— Да как же... — растерянно начал было Егор.
— Ничего со мной не станется, — рассмеялась Маргарита, а в глазах всё так и стоял поросячий пятак, тянущийся к её губам.
Она не раздумывала долго над приключившимся. Как ни в чём не бывало поскакала к основному отряду охотников, указала, куда помчался вепрь, испугавший её Голиафа.
Вепря затравили, связанного по ногам, с болтающейся на одной лишь коже головой и с капающей на белый снег кровью, привязали его к огромной палке, и качалась его туша между двух лошадей, прядающих ушами от запаха дикого зверя и то и дело норовящих скакнуть в сторону. Но погонщики были остроглазы, сбруя связывала движения коней, и вепрь в целости и сохранности доставлен был в огромный двор московского поместья-усадьбы Нарышкиных.
Маргарита вышла к мёртвому зверю, потрогала жёсткую щетину загривка, провела рукой по связанным копытцам. Странно, почему привиделся ей этот поросячий пятак, теперь опущенный к самой земле и вызывающий только жалость и скорбь? Она как будто стирала в памяти то странное видение, что пришло к ней в минуту беспамятства, и видом неживого, изуродованного зверя погасила эту вспышку сознания.
Через день, а может, через два, она и думать забыла о своём видении, объяснила его для себя тем, что вепрь выскочил навстречу и потому память услужливо подсунула ей его облик. Но где-то глубоко в душе засел этот кошмарный эпизод, и она старалась не вспоминать о нём, снежной поляне, на которой она очутилась, о сверкании огней в церкви, о золотой ризе священника, об этом отвратительном поросячьем пятаке...

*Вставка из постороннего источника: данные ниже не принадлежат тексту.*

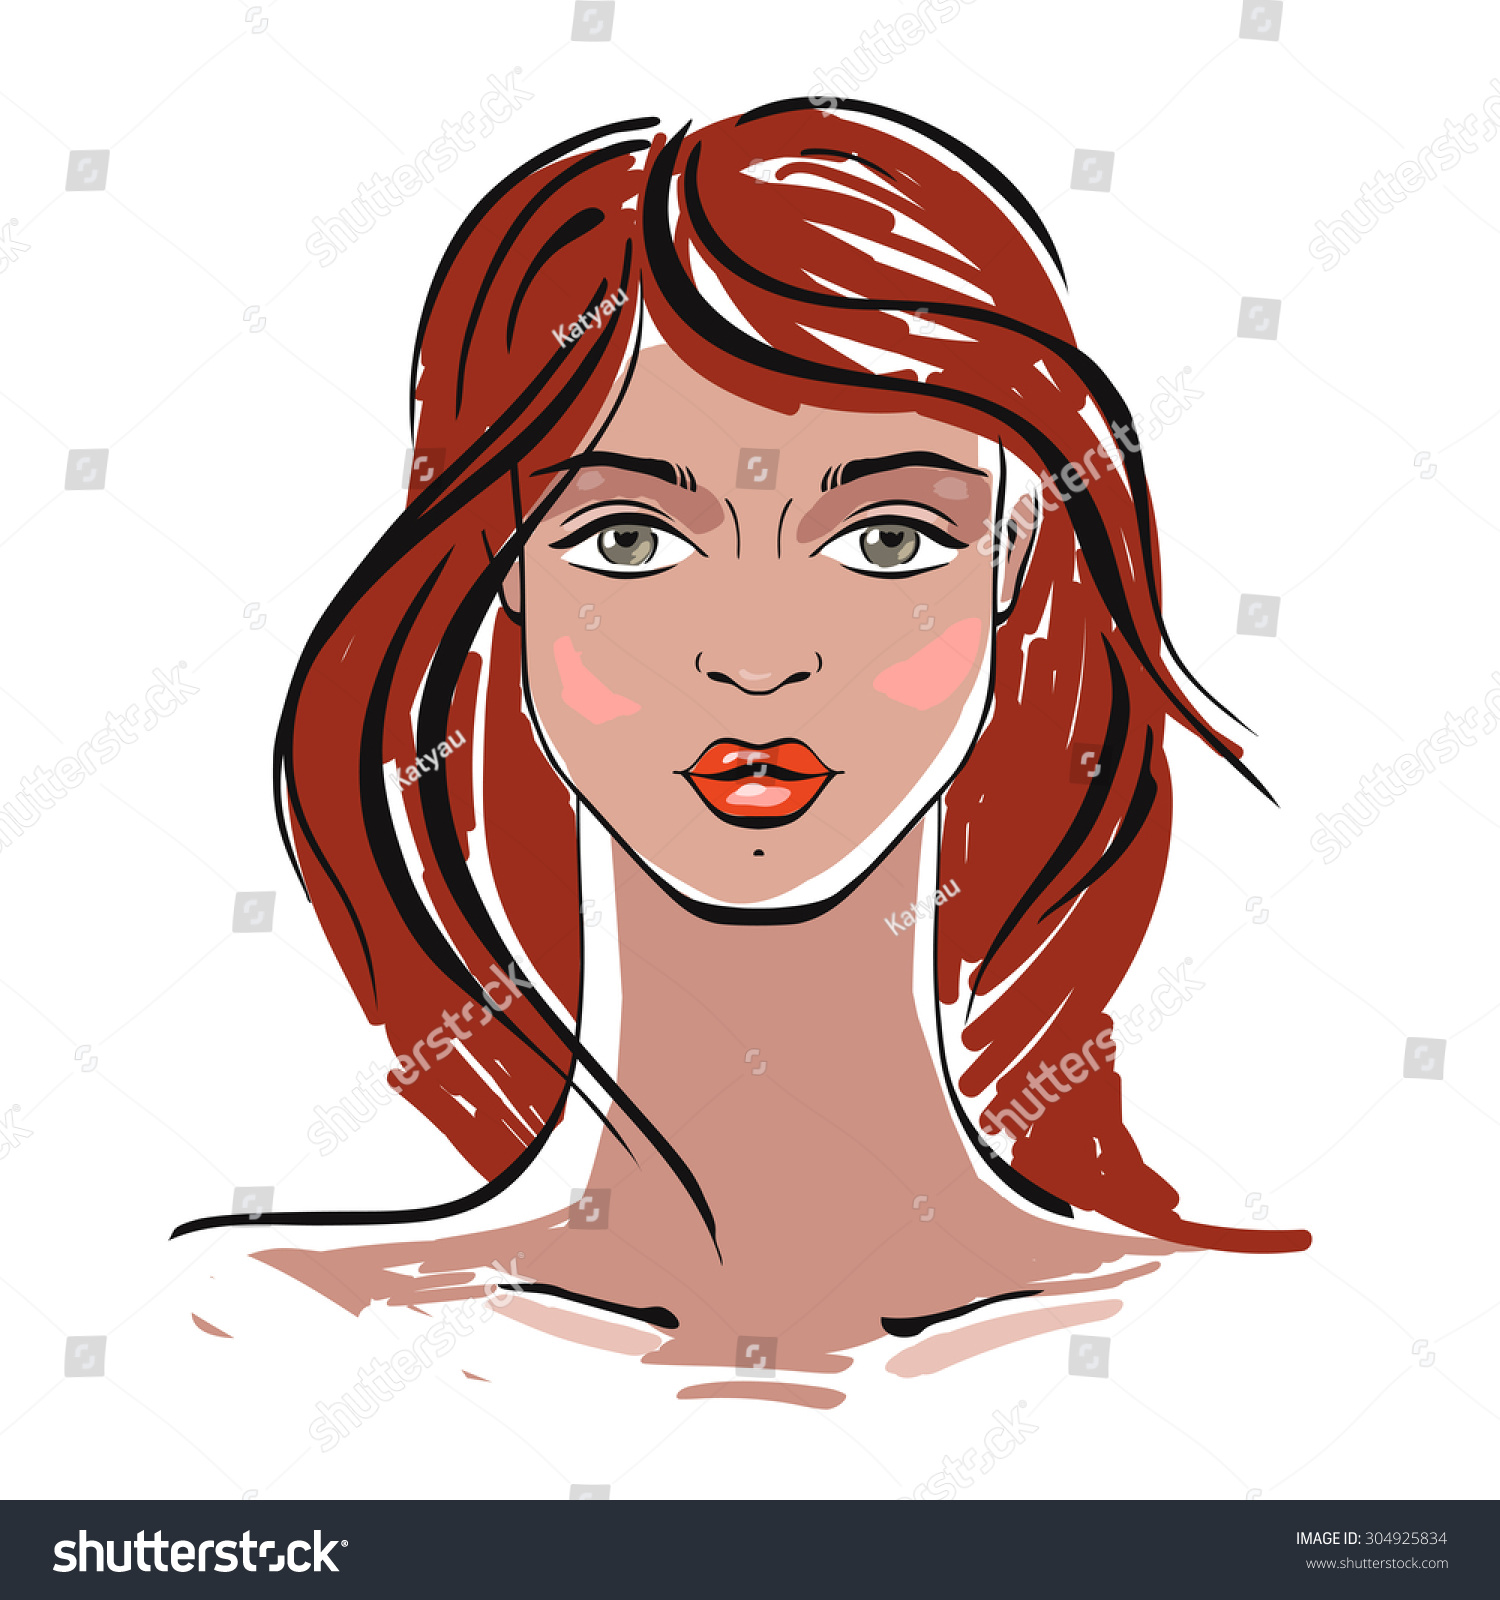 Beautiful Woman Portrait Hand Drawn Fashion Stock Vector Royalty Free 304925834 Shutterstock 0083
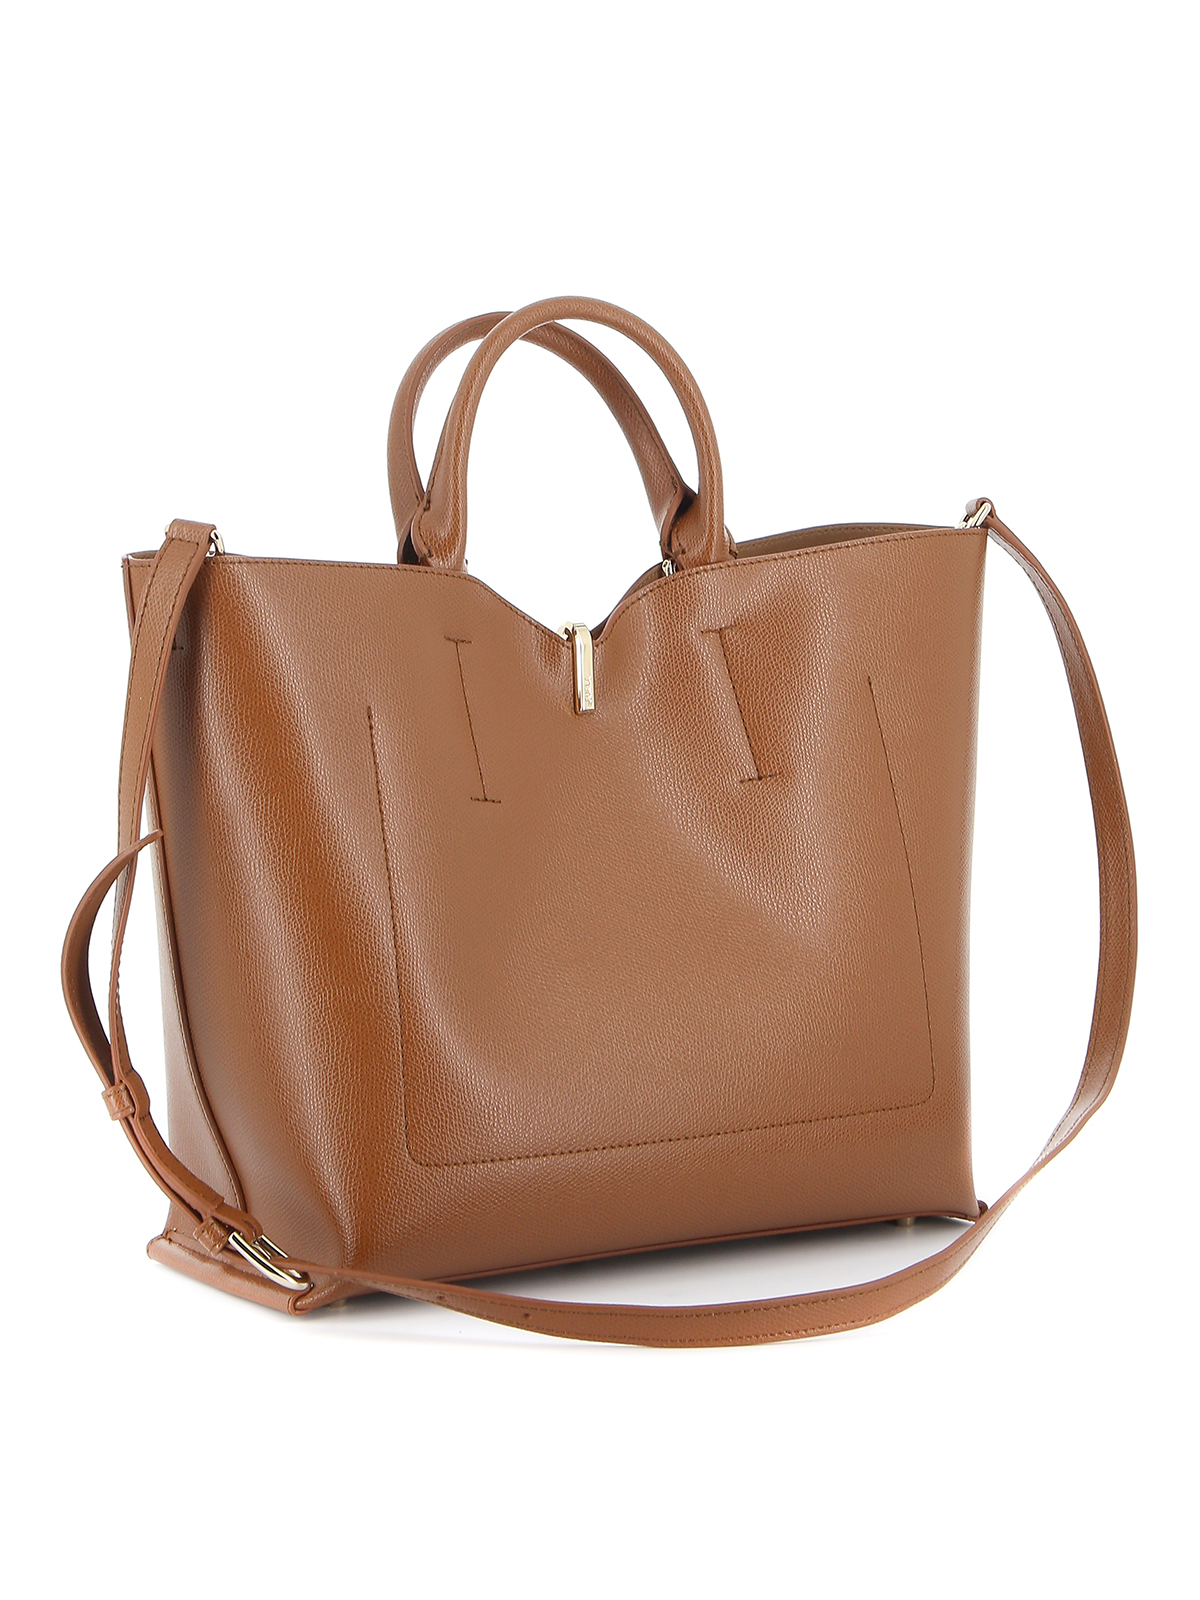 Totes bags Furla - Ribbon medium tote - 1055914 | Shop online at iKRIX

В доме у Нарышкиных всегда толпился народ — то приезжали какие-то дальние родственники, троюродные братья и сёстры, гостили по нескольку дней, а то и недель, — всегда было шумно и весело, а за круглый стол в большой столовой зале садилось едва ли не тридцать человек. И потому Маргарита не обратила особого внимания, когда снова появилась в доме Ласунская. Чем уж взяла она Варвару Алексеевну, но та теперь ничего не делала без её совета! Помолчит-помолчит Ласунская да вдруг скажет такое слово, что и в ум не придёт Нарышкиной. И Варвара Алексеевна ценила подругу, особо привечала её, а уж о Поле Ласунском задолго до знакомства была столько наслышана, что с первого взгляда на этого щеголеватого молодого человека словно бы влюбилась в него. И хорош, и добр душой, и честен, и прям, а уж мать почитает, как святую, и все свои силы отдаёт ей. Словом, ещё не видя Поля, Варвара Алексеевна уже любила мальчика Ласунской.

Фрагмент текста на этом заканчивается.